*** Task material ***

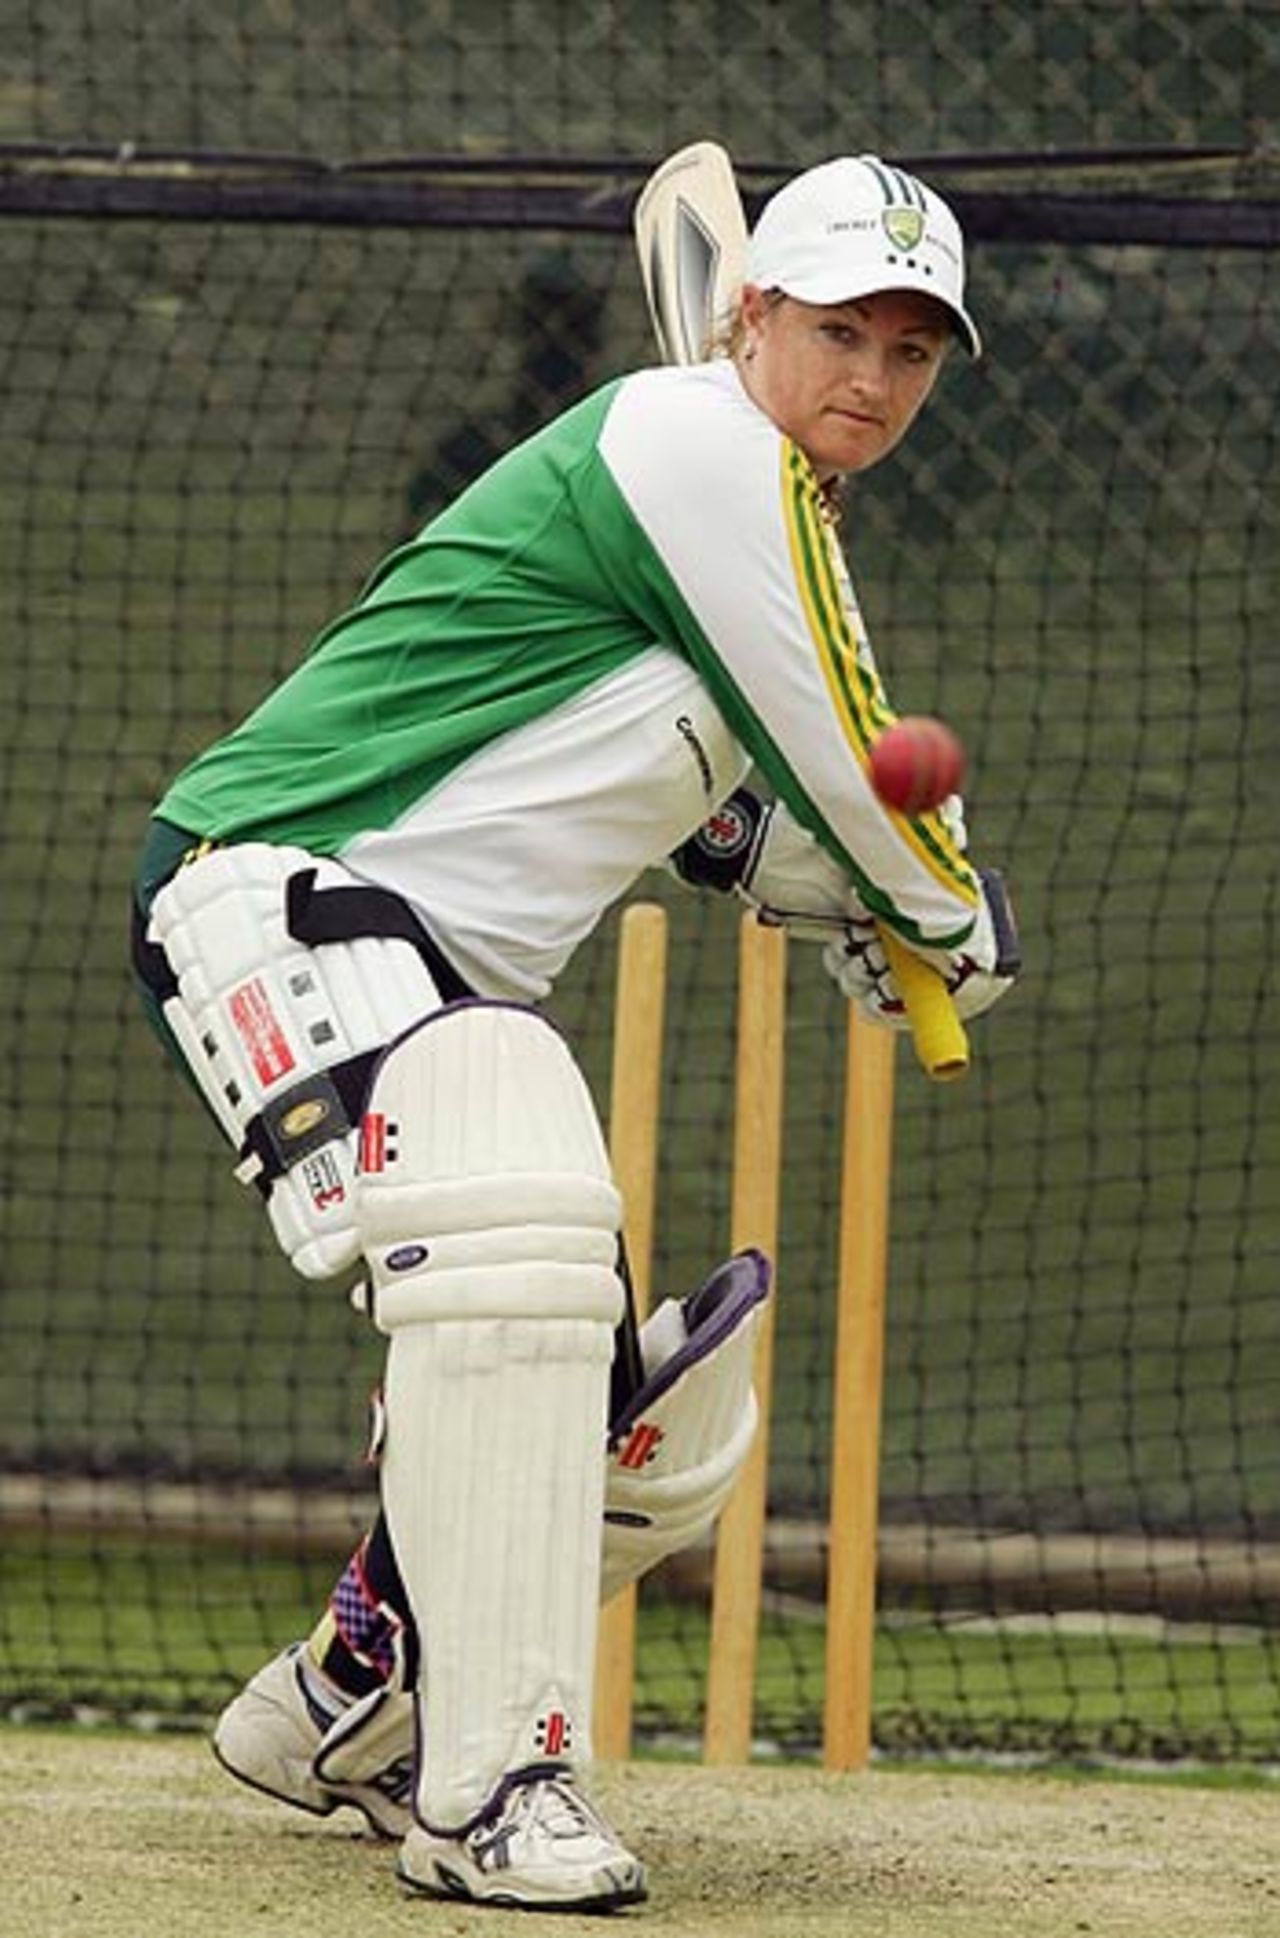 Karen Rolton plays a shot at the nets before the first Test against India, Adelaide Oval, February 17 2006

*** End of Task material ***
*** Task material ***

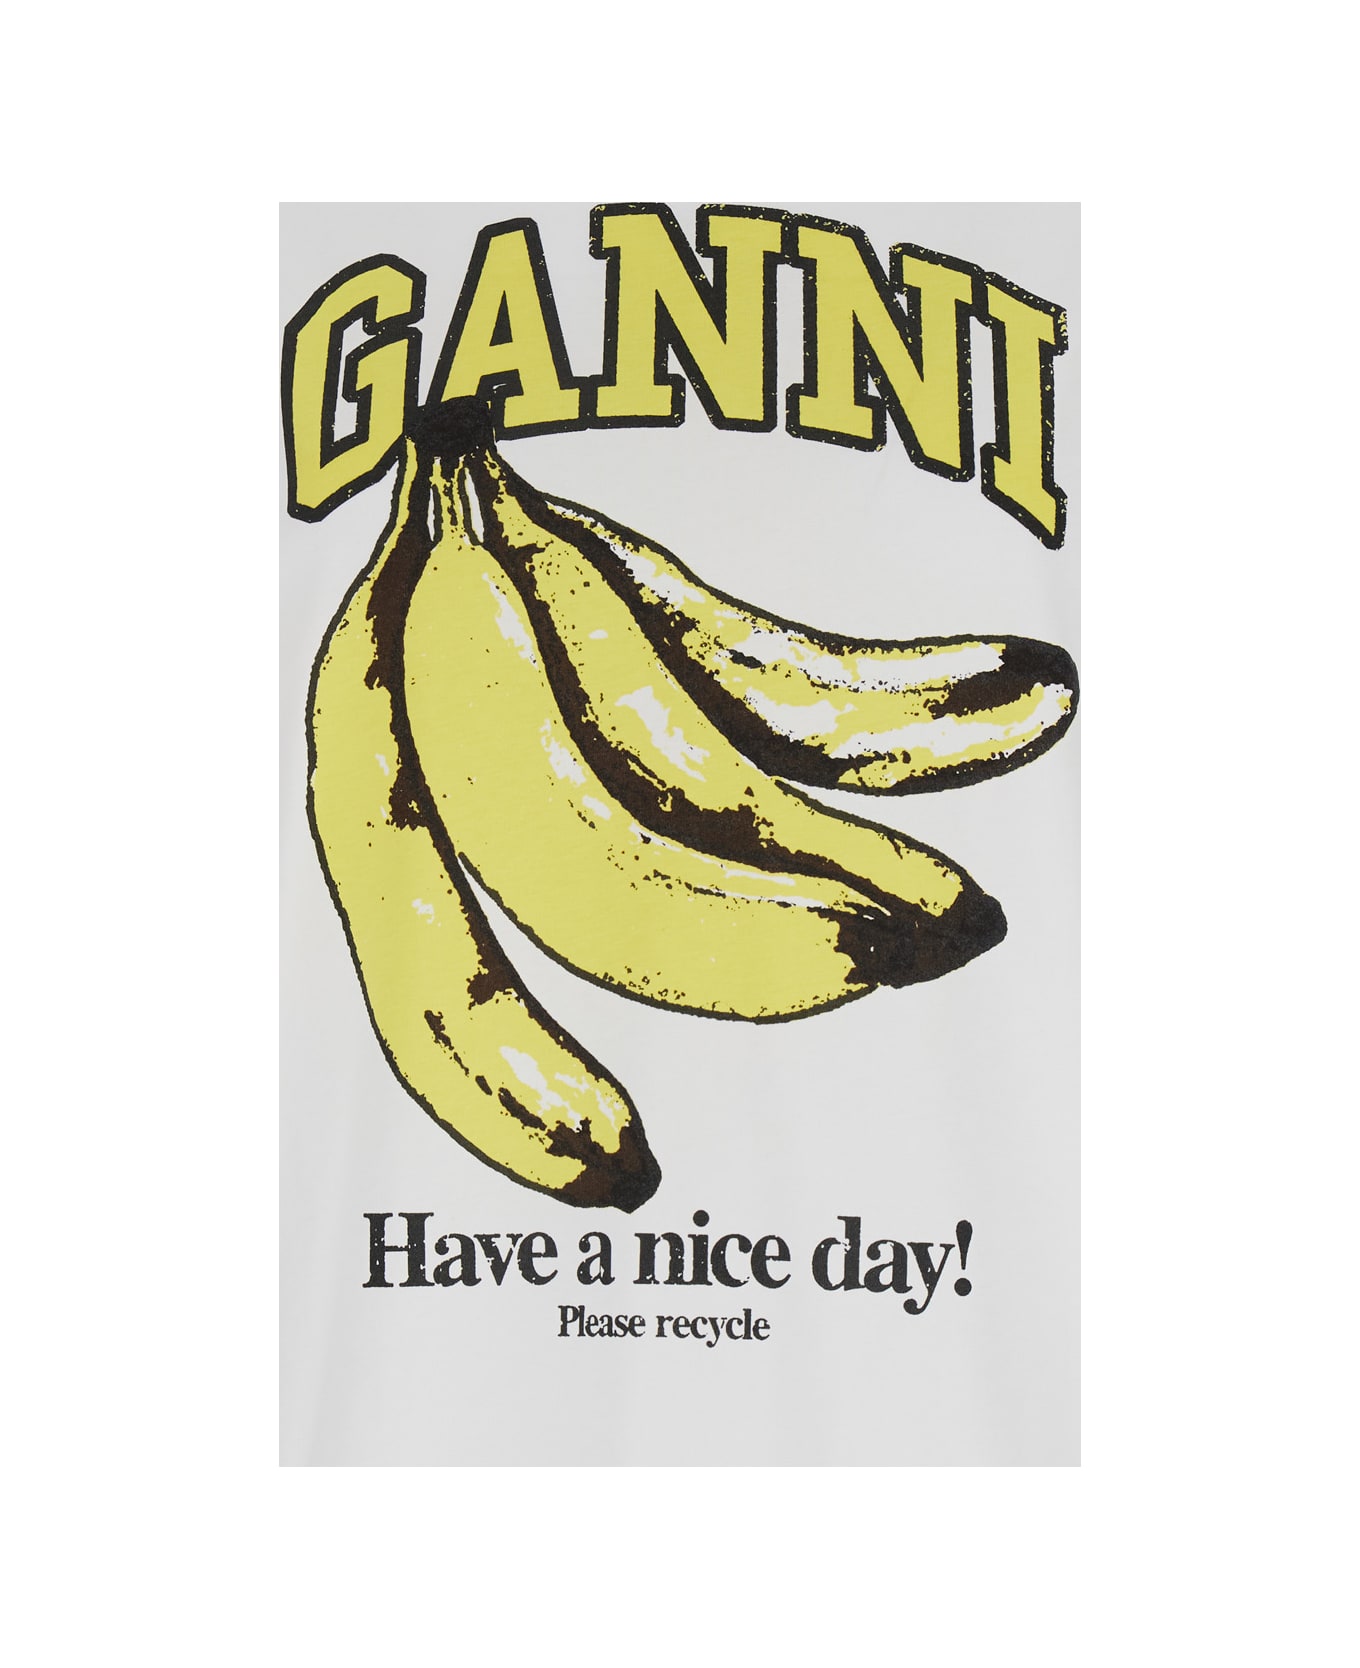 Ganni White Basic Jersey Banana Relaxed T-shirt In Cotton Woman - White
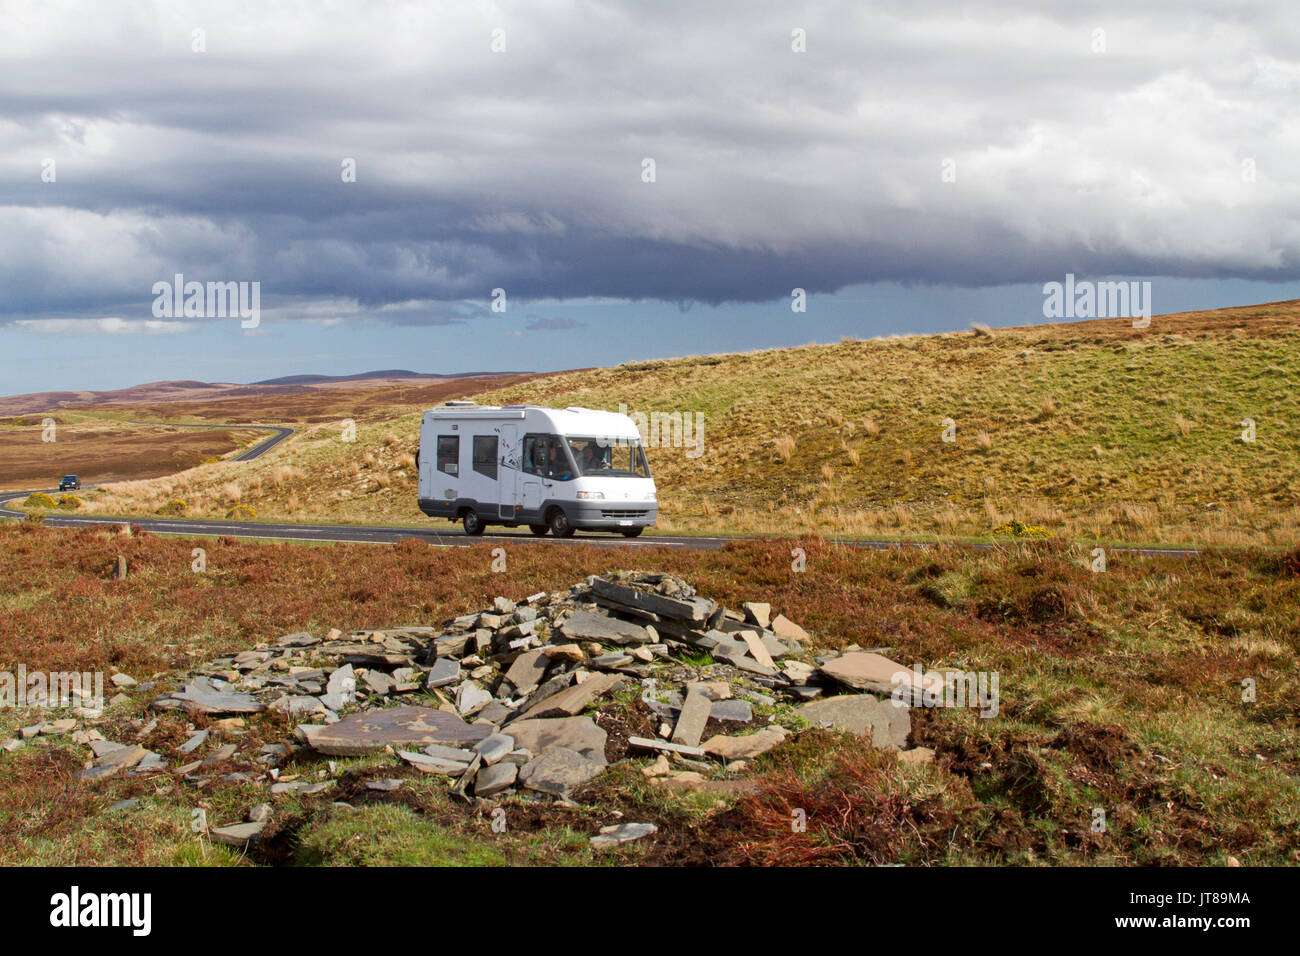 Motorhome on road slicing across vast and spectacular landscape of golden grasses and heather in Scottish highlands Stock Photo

*** End of Task material ***
*** Task material ***

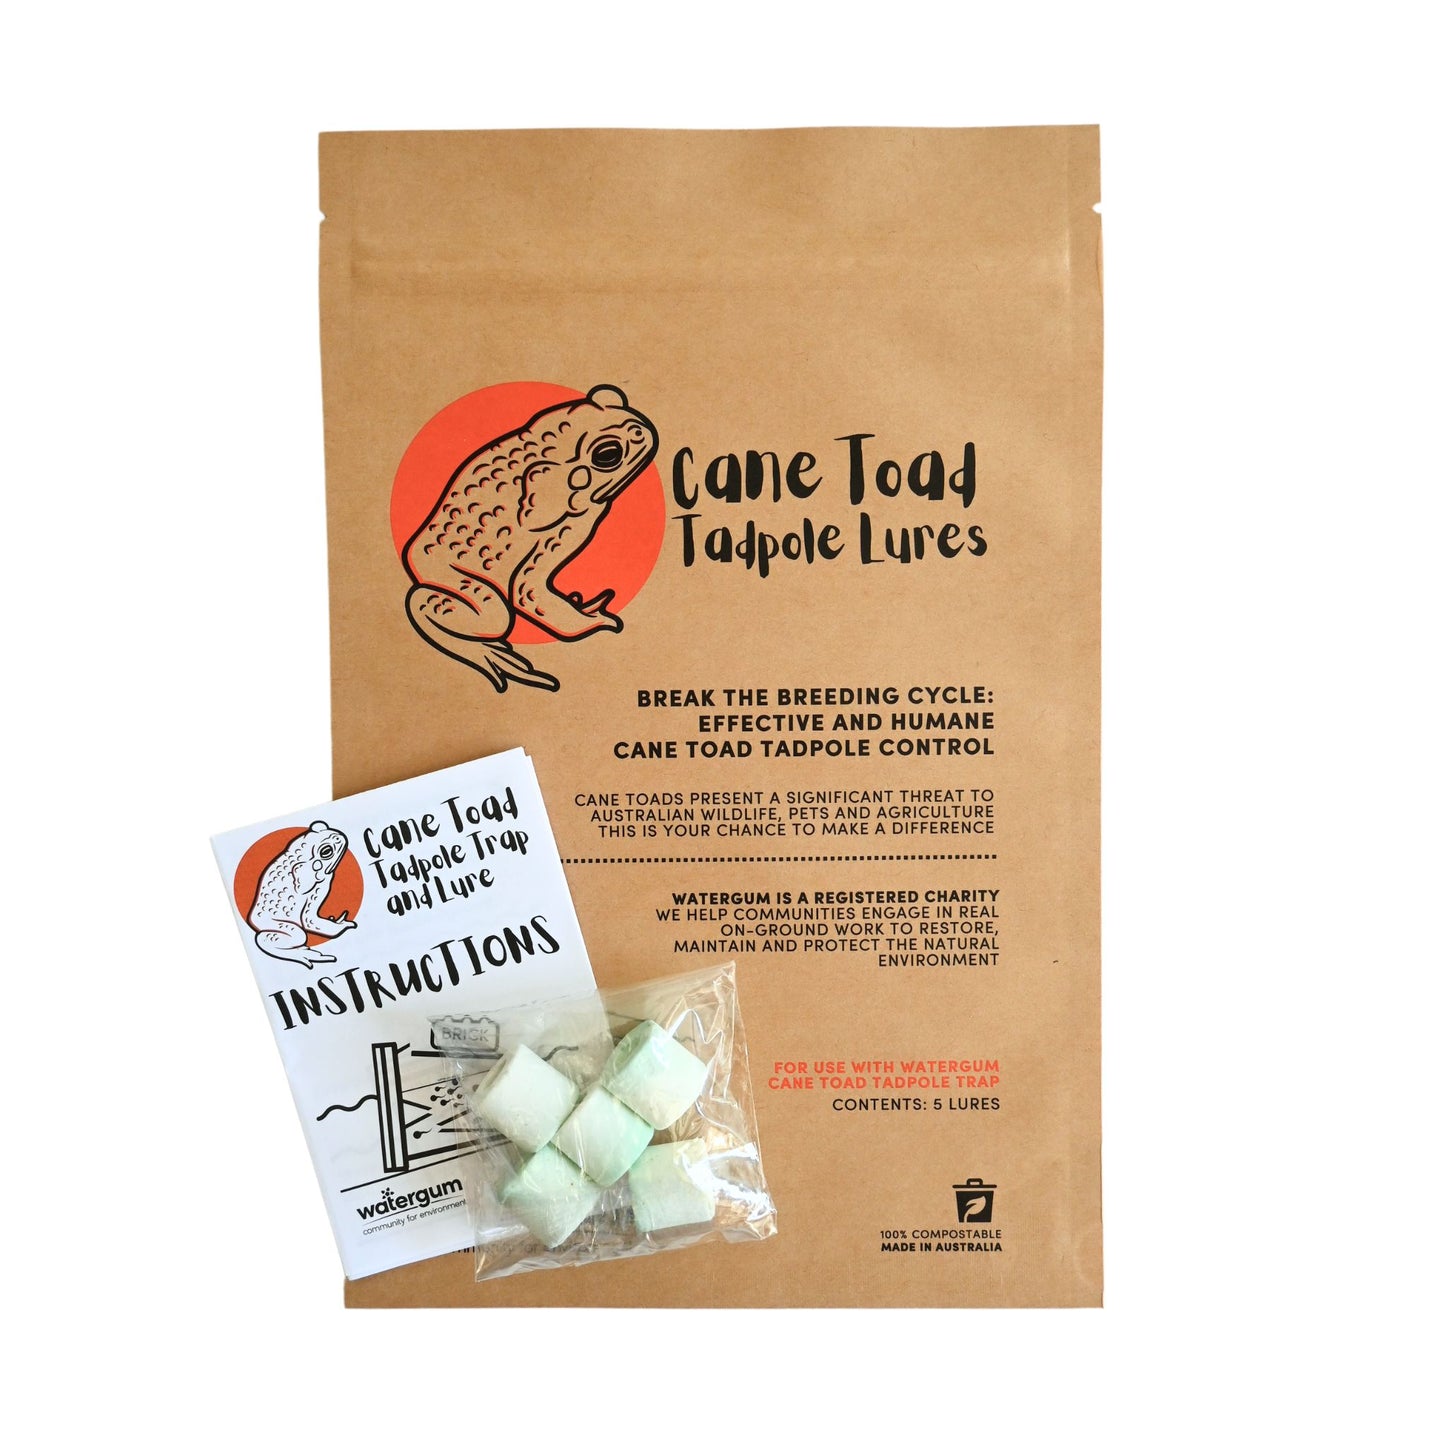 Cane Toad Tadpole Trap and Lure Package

*** End of Task material ***

◆ **What the task asks**:
Copy the lines above exactly, starting at the one with "Ganni White Basic" and ending at the one with "Motorhome on road", both included. Leave out any pictures and add nothing else.

◆ **Written response**:
 Ganni White Basic Jersey Banana Relaxed T-shirt In Cotton Woman - White
 Motorhome on road slicing across vast and spectacular landscape of golden grasses and heather in Scottish highlands Stock Photo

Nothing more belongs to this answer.